#### [EXERCISE]
Strip out the pictures and output each remaining line of the data word for word.

#### [DATA EXCERPT]
══════════════════════════════

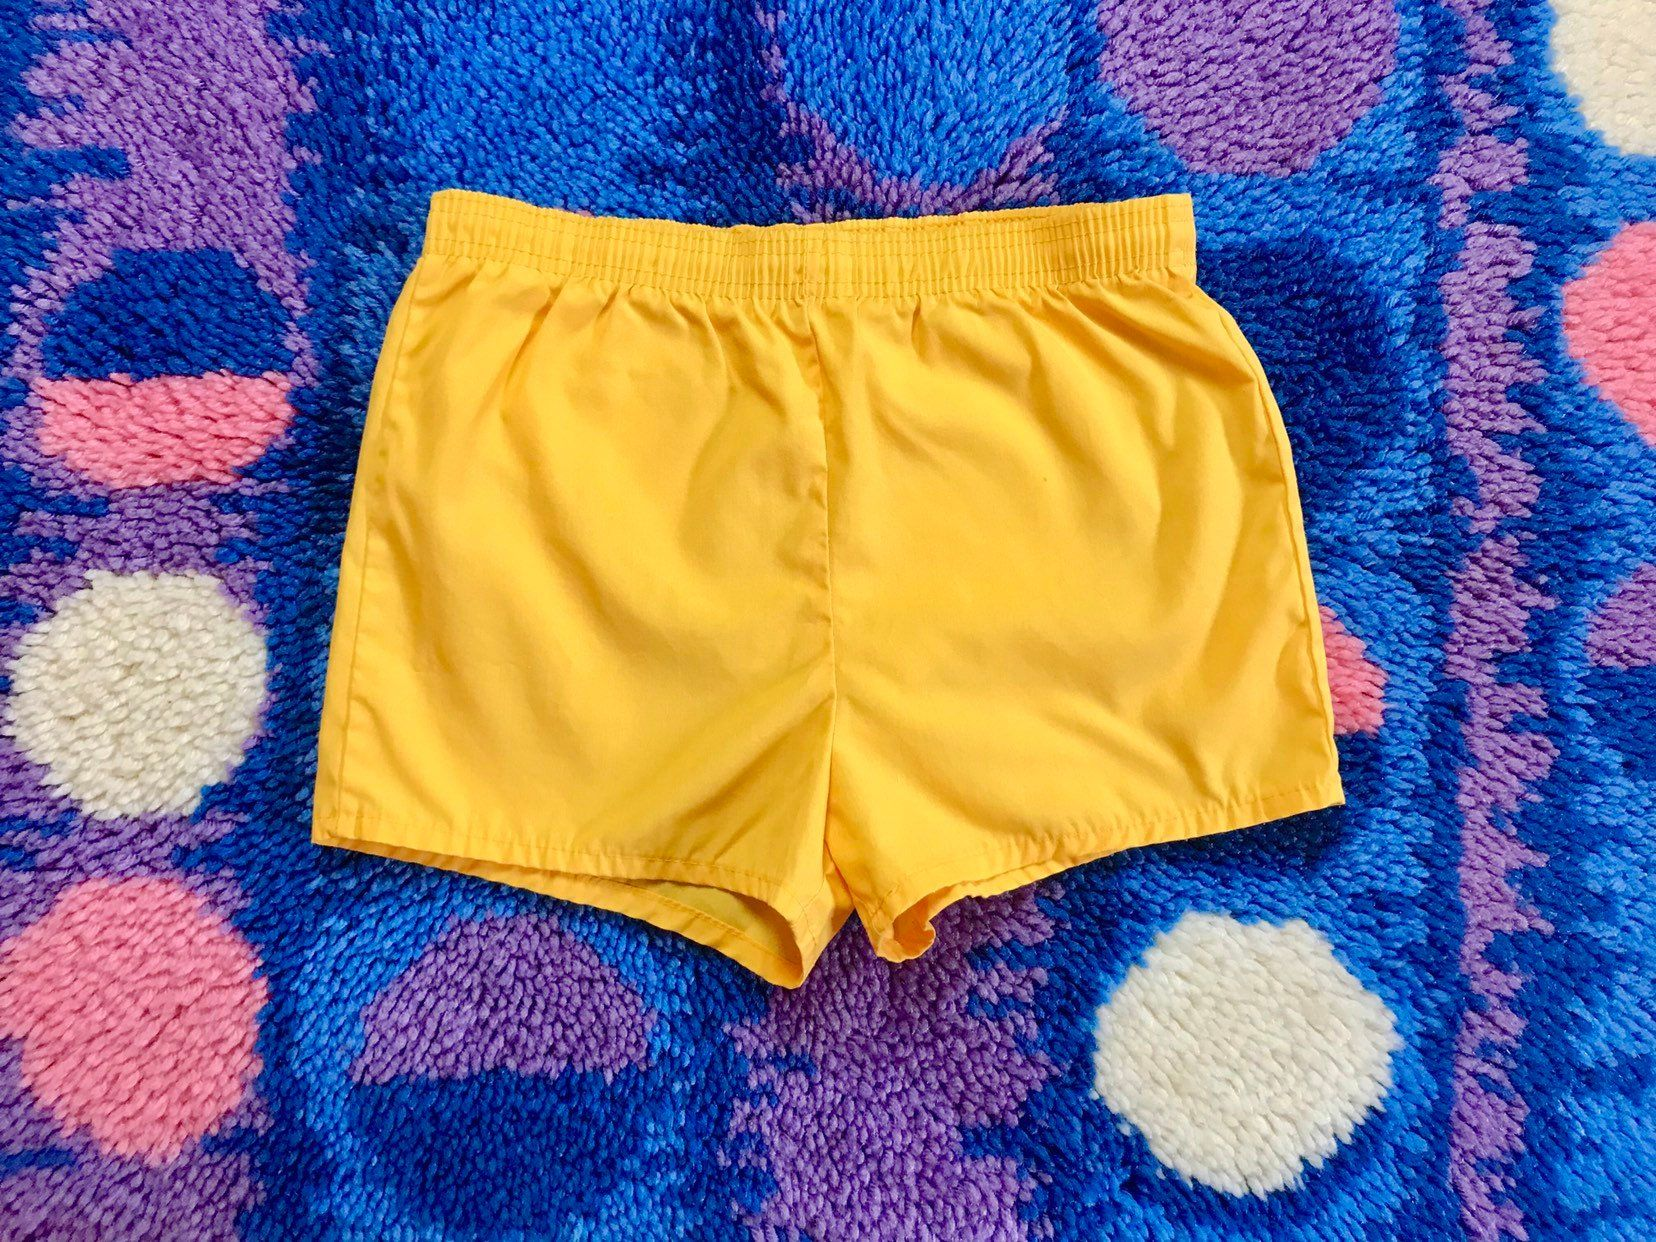 ff94b91d8f041 Vintage 1970s yellow swim trunks men's XS/S retro 70s 80s short shorts hot  pants
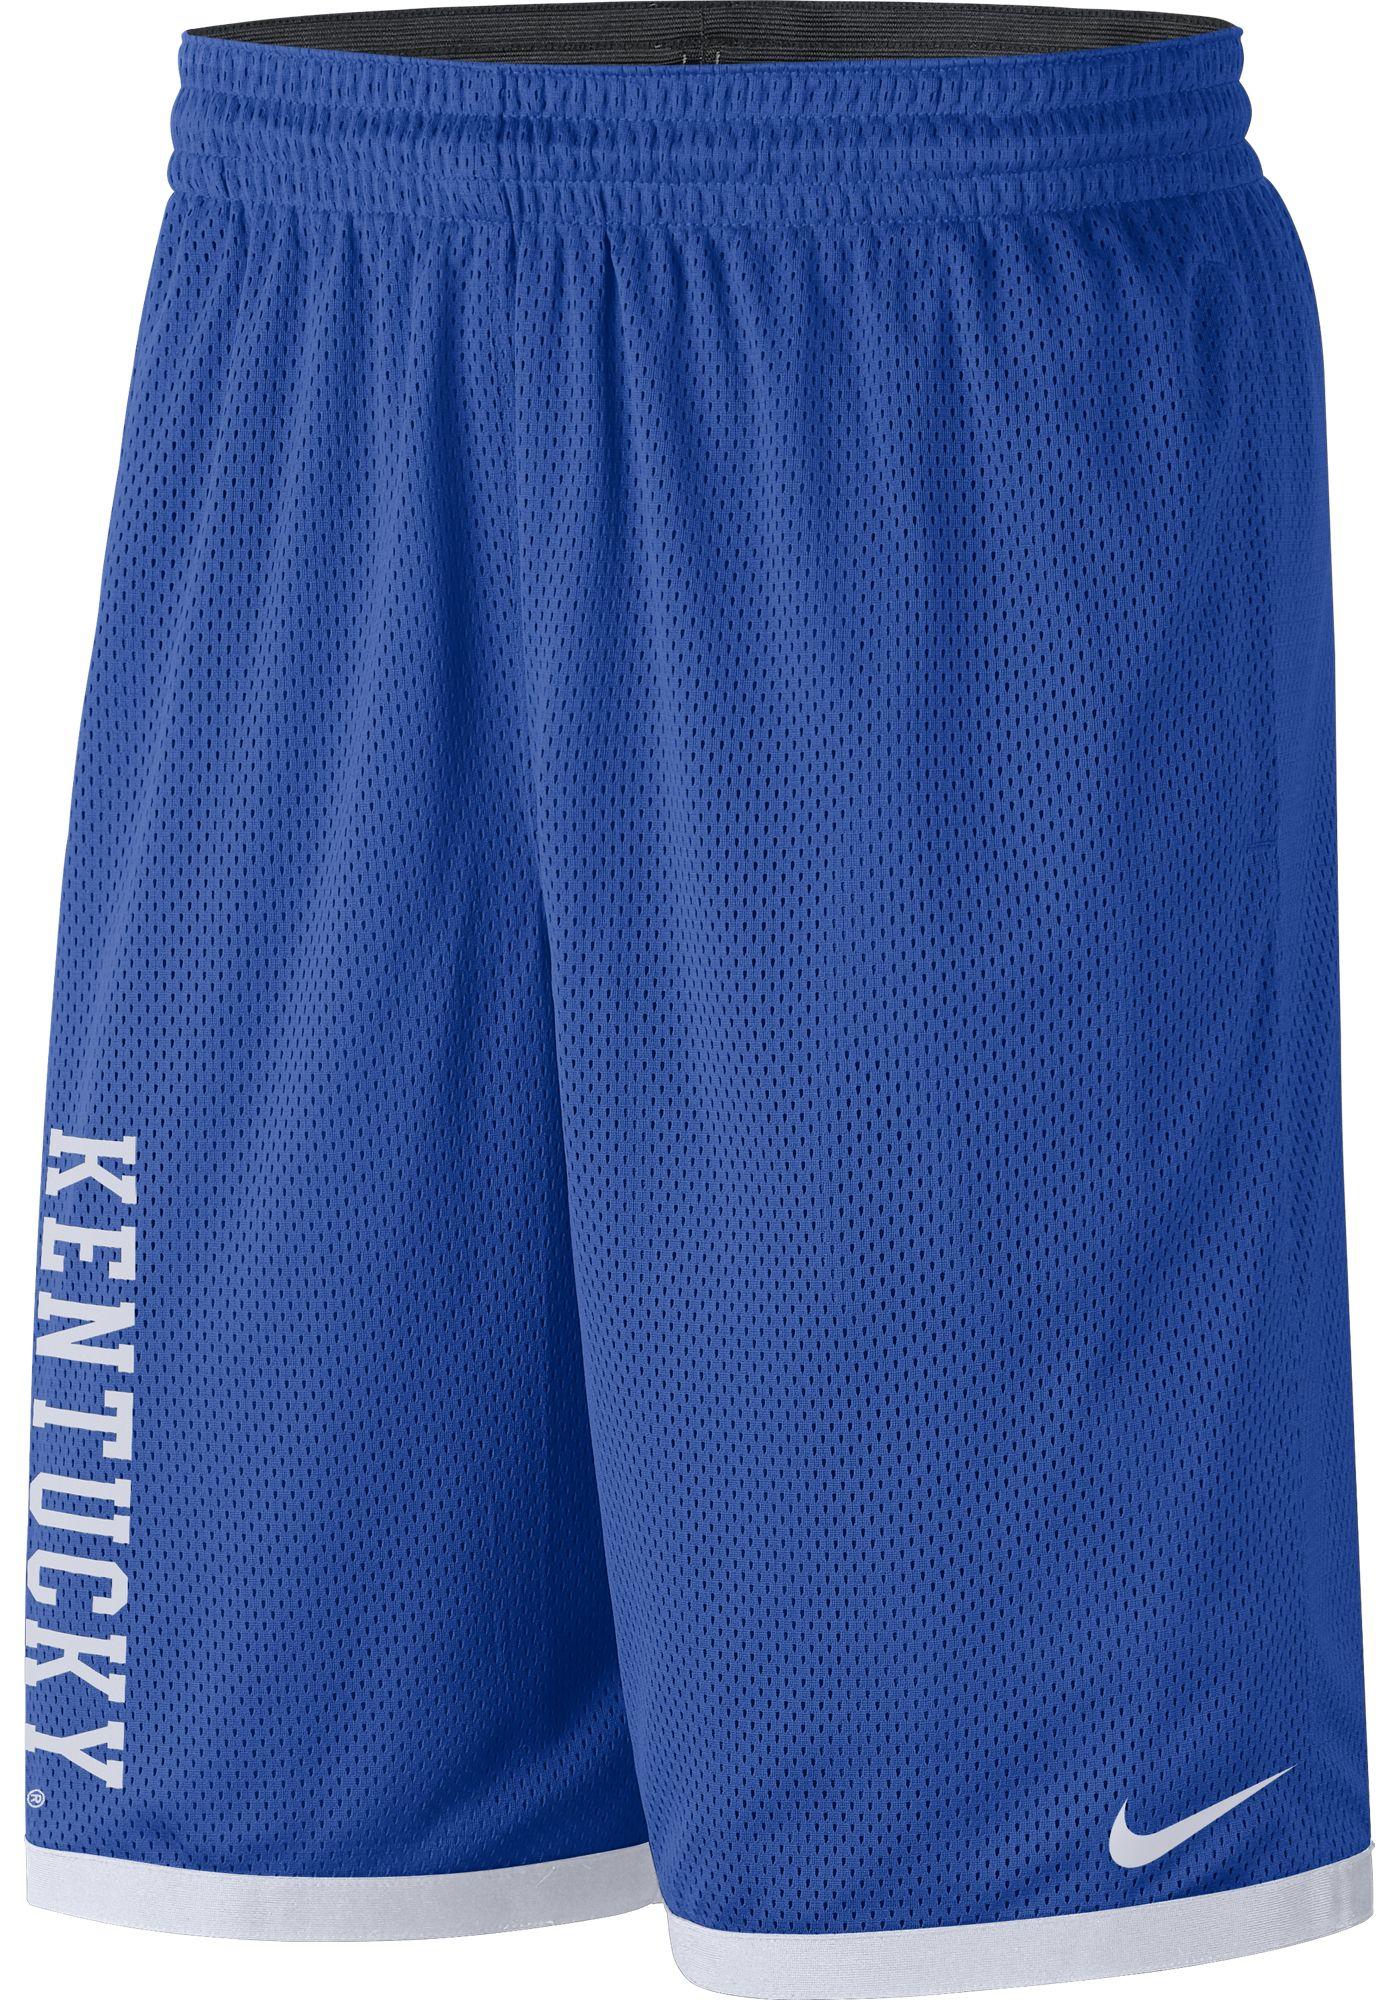 Nike Men's Kentucky Wildcats Blue Dri-FIT Mesh Basketball Shorts
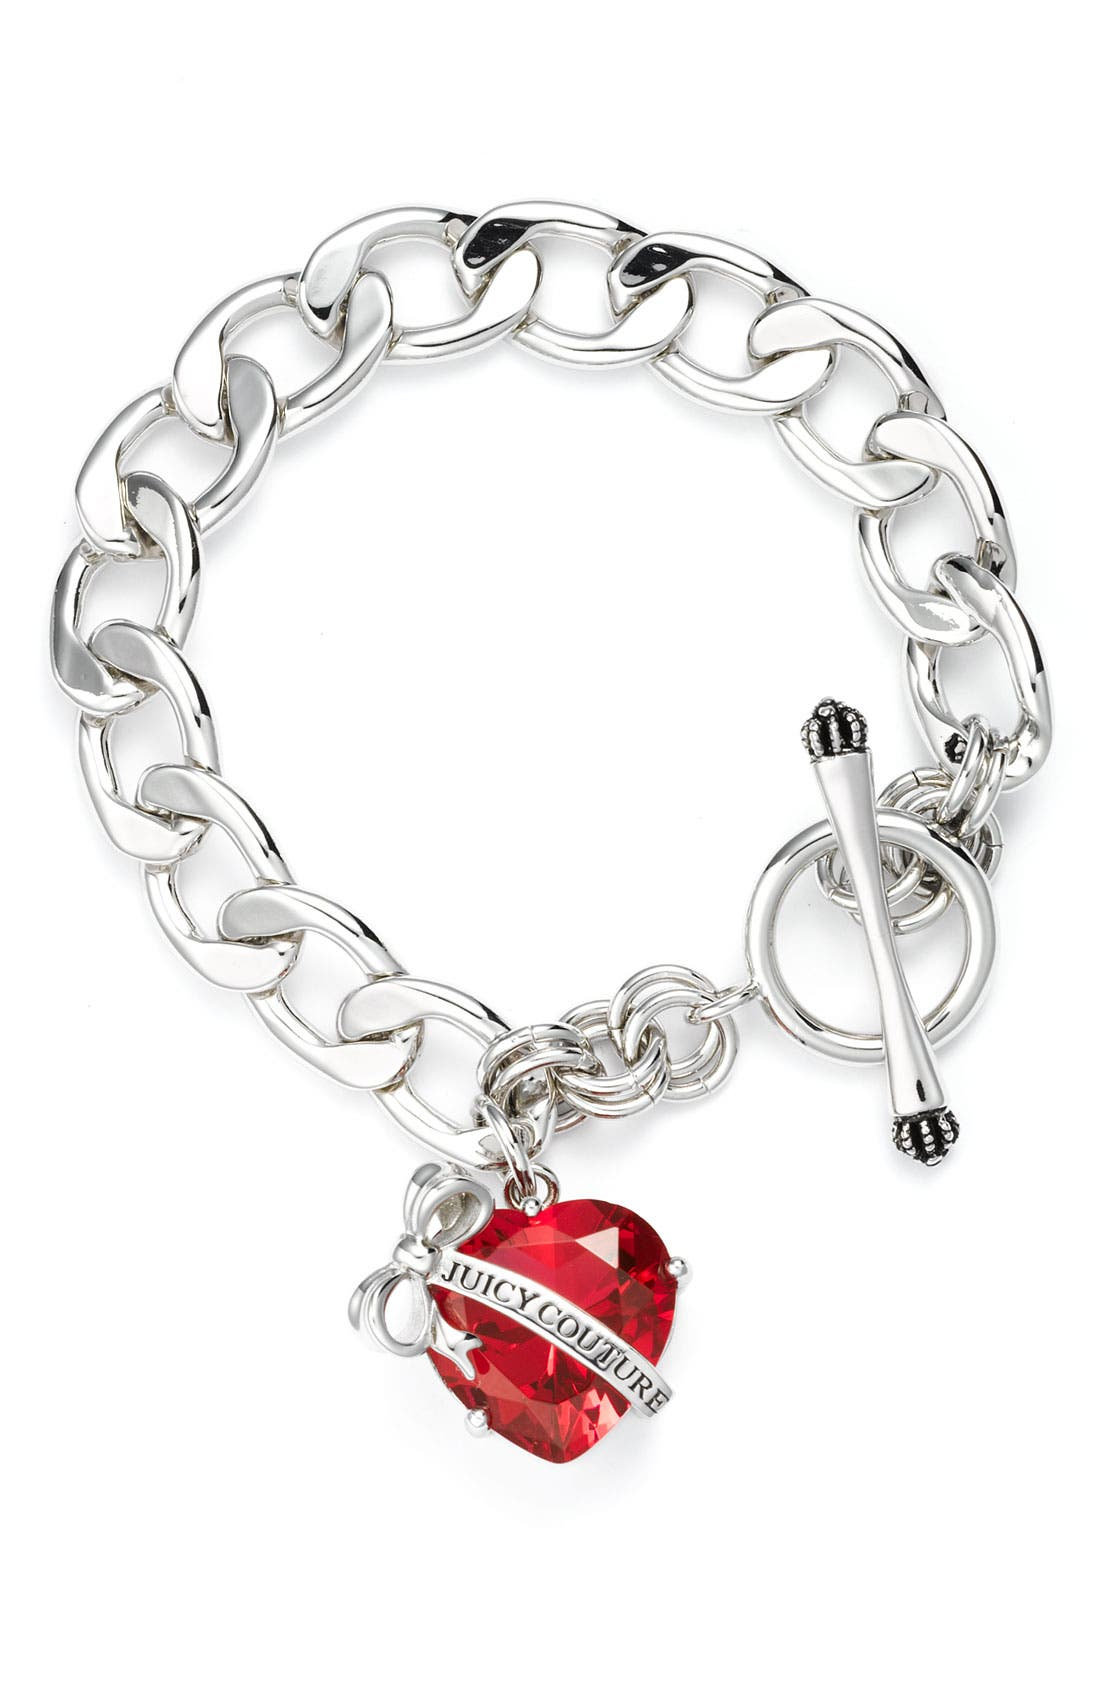 Alternate Image 1 Selected - Juicy Couture 'Technicolor Dreams' Starter Charm Bracelet

══════════════════════════════

#### [RESPONSE]
 ff94b91d8f041 Vintage 1970s yellow swim trunks men's XS/S retro 70s 80s short shorts hot  pants
 Nike Men's Kentucky Wildcats Blue Dri-FIT Mesh Basketball Shorts
 Alternate Image 1 Selected - Juicy Couture 'Technicolor Dreams' Starter Charm Bracelet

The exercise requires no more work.